Thanks for the heads up!!!! :thumbsup:
http://www.marijuananews.com/news.php3?sid=186
Janey urged stiffer jail sentences for drug offenders, healthy doses of the lash, and if they were aliens, instant deportation. She was not a nice person. According to the commission's team, her writing was sensationalist, fable-ridden and exploitative of "popular racial bias." Yes indeed. "She created a series of women-seducing villains, primarily non-white and non-Christian, who threatened the Anglo-Saxon way of life."
While explaining the motive behind the drug trade, Janey declared, "It is claimed, but with what truth we cannot say, that there is a well-defined propaganda among the aliens of color to bring about the degeneration of the white race." Another thing she apparently could not say was who made the claim.
On the same theme, she then summarized the opinion of "Major Crehan of British Columbia" that since "the traffic always comes with the Oriental, one would be justified in assuming that it was their desire to injure the bright-browed races of the world. ...Some of the Negroes coming into Canada - -- and they are no fiddle-faddle fellows either -- have similar ideas, and one of their greatest writers has boasted how ultimately they will control the white men." And who was that great black writer? Janey wasn't telling.

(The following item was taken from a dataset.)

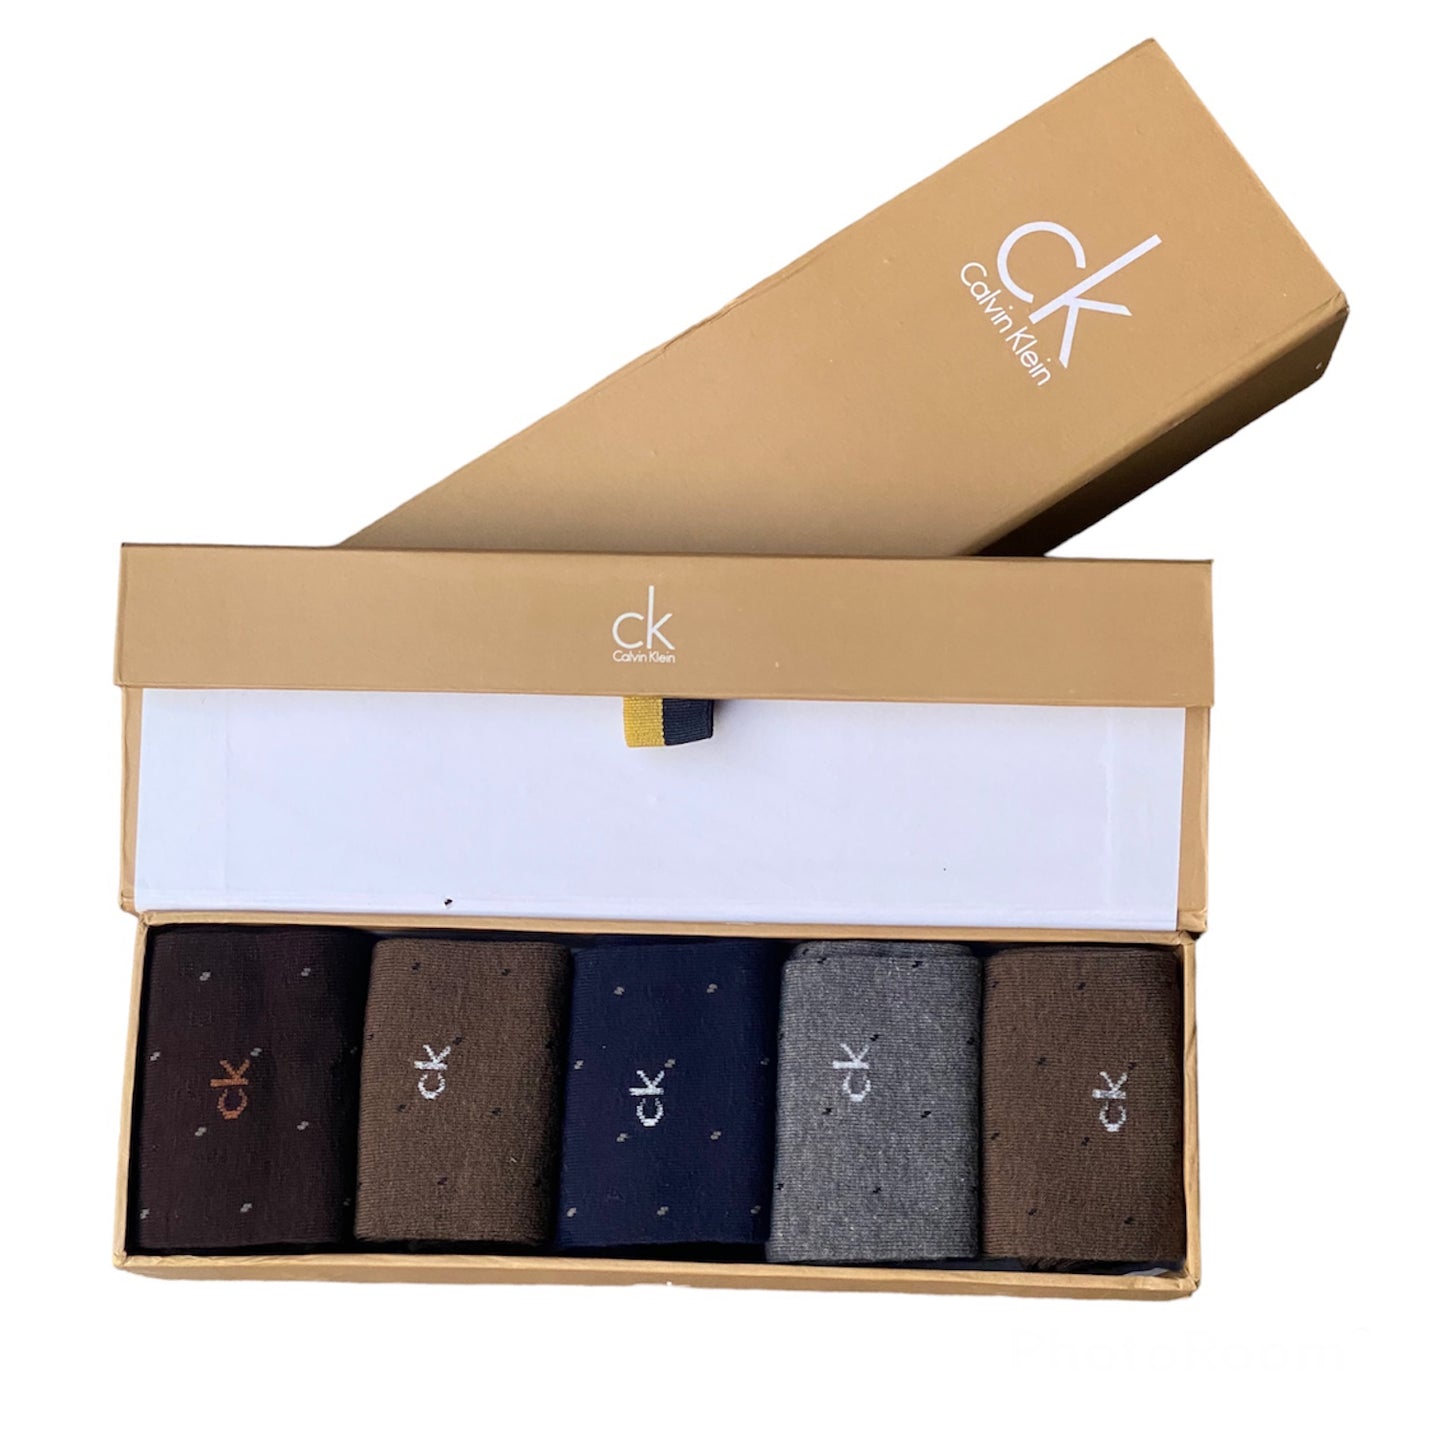 C-k pack of 5 premium quality socks

She refers to "the lowest classes of yellow and black men," and "this sallow, unsmiling Oriental." After describing "a certain blackamoor," a railroad porter who was not only a drug offender but a possessor of "the most obscene literature ever printed," Janey wrote, "One can hardly imagine anything more dangerous than a filthy-minded drug addict in charge of a coach of sleeping people, whatever his color may be."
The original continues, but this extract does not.